Finding out that this was a marketing ploy to draw the most number of eyeballs to the brand infuriated me. The sad part is that this strategy seems to have worked. The video has already been viewed more than four million times (and who knows how many thousands more by the time you read this). It’s a viral success. Yet, it reflects the insidious ways in which feminist rhetoric is being co-opted – to market and sell a fashion brand.

This kind of marketing masquerading as thought-provoking feminist sloganeering has become an all too common tactic in the fashion and beauty industry. What other way to announce effortlessly chic than bring in a little gender equality to the forefront? Dove’s Real Beauty campaign and Pantene’s labels against women are only two examples. Yet, by employing the language of feminism but not its goals, Ms. Taken’s video seriously undercuts it.

No one is saying that fashion can’t be used to make feminist statements. The thousands of women who took part in the Women’s March wearing ‘pussy hats‘ (the proceeds of which went to Planned Parenthood) are testament to that.

However, looking at Ms. Taken’s Facebook page, it doesn’t look like the brand is breaking any new ground. It isn’t transgressing any of the fashion industry’s deeply entrenched sexist mores given that every woman modelling its casual western wear is a lithe, fair skinned model with Eurocentric features. It isn’t a philanthropic endeavour. Even the label’s price (clothes start at ₹799 on Myntra) falls into the same range of most of these ‘affordable’ upscale clothing brands. So, its package of aspirationalism is clearly not for women who couldn’t afford it already.

Sanon can’t ignore the fact that through her fashion brand, she’s pushing the same patriarchal standards of the fashion industry on women. Empowering? Maybe for Sanon, in terms of her financial independence but definitely not for the rest of the women out there who receive the same media messages about their looks every day. Fashion brands have a lot of cultural cachet in our society so Sanon should have been cognisant about putting her feminism into practice and not just for imaging purposes. Start with featuring models with a variety of body shapes and skin colours. Ensure that the many women who are tirelessly working in a sweatshop mass producing these clothes for retail get a fair wage.

It’s all well and good to push the message that we need tangible breakthroughs in achieving real successes for women rather than pat ourselves on the back and remember them for a single day. That being said, feminist symbolism is also important, particularly when it is employed for the political purposes and not to push a new clothing line.
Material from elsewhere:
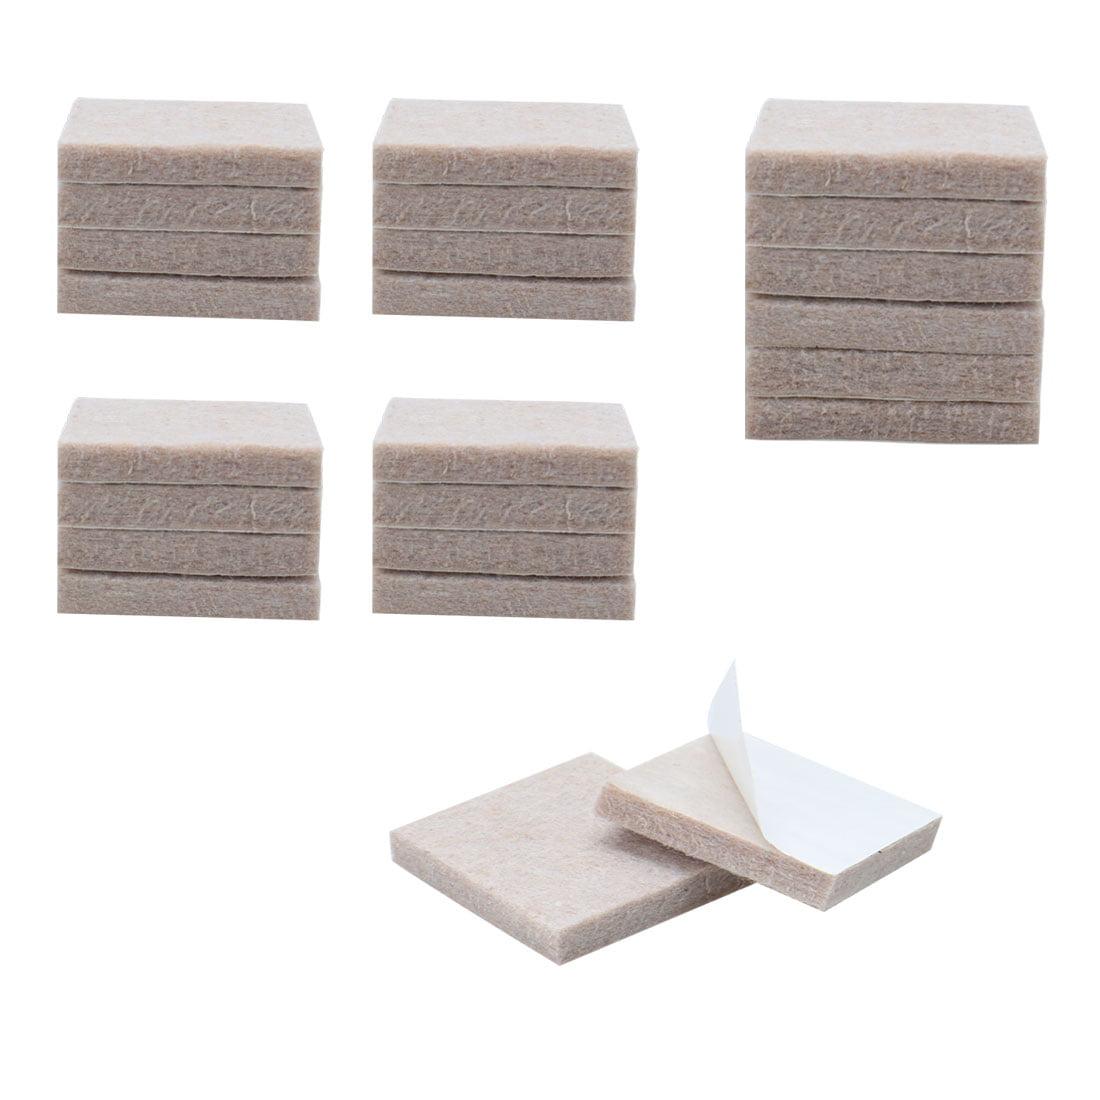 24pcs Furniture Pads Square 1 5 8 Self Stick Anti Scratch Floor

Of course, Ms. Taken’s fauxminism is symptomatic of a larger problem; the way feminism has been commodified under capitalism. Like a whisky with coke, it’s made palatable for a mass audience by diluting its politics. Feminism, it seems, is a lifestyle choice you can purchase like Ms. Taken’s navy blue skinny jeans. Capitalism also prioritises choice feminism, the idea that any individual choice by a woman is an inherently feminist act. As Nancy Fraser says in an excellent essay in the Guardian, the kind of feminism that capitalism frequently seems to espouse focuses on cultural sexism without taking into account social inequality.

And Sanon seems unaware of the privileges she possesses in our capitalistic, caste driven society. She has appeared in a fairness cream ad and claimed that it is easier for women to get launched in the film industry than men. She has also noted that when she talks about education for women “…I sound like a feminist because I get really angry when I hear certain things.” If I could shoot a video, I’d hold up a placard asking her to ‘Do better’.

Like Deepika Padukone’s Vogue video or Dior’s $700 shirts emblazoned with Chimamanda Ngozi Adichie’s quote ‘We Should All Be Feminists’, let’s all be wary of the way consumerism dressed up in feminist garb. Otherwise, terms that are supposed to mean something like women’s rights and gender equality will be just symbolic. In other words, Blah. Blah. Blah.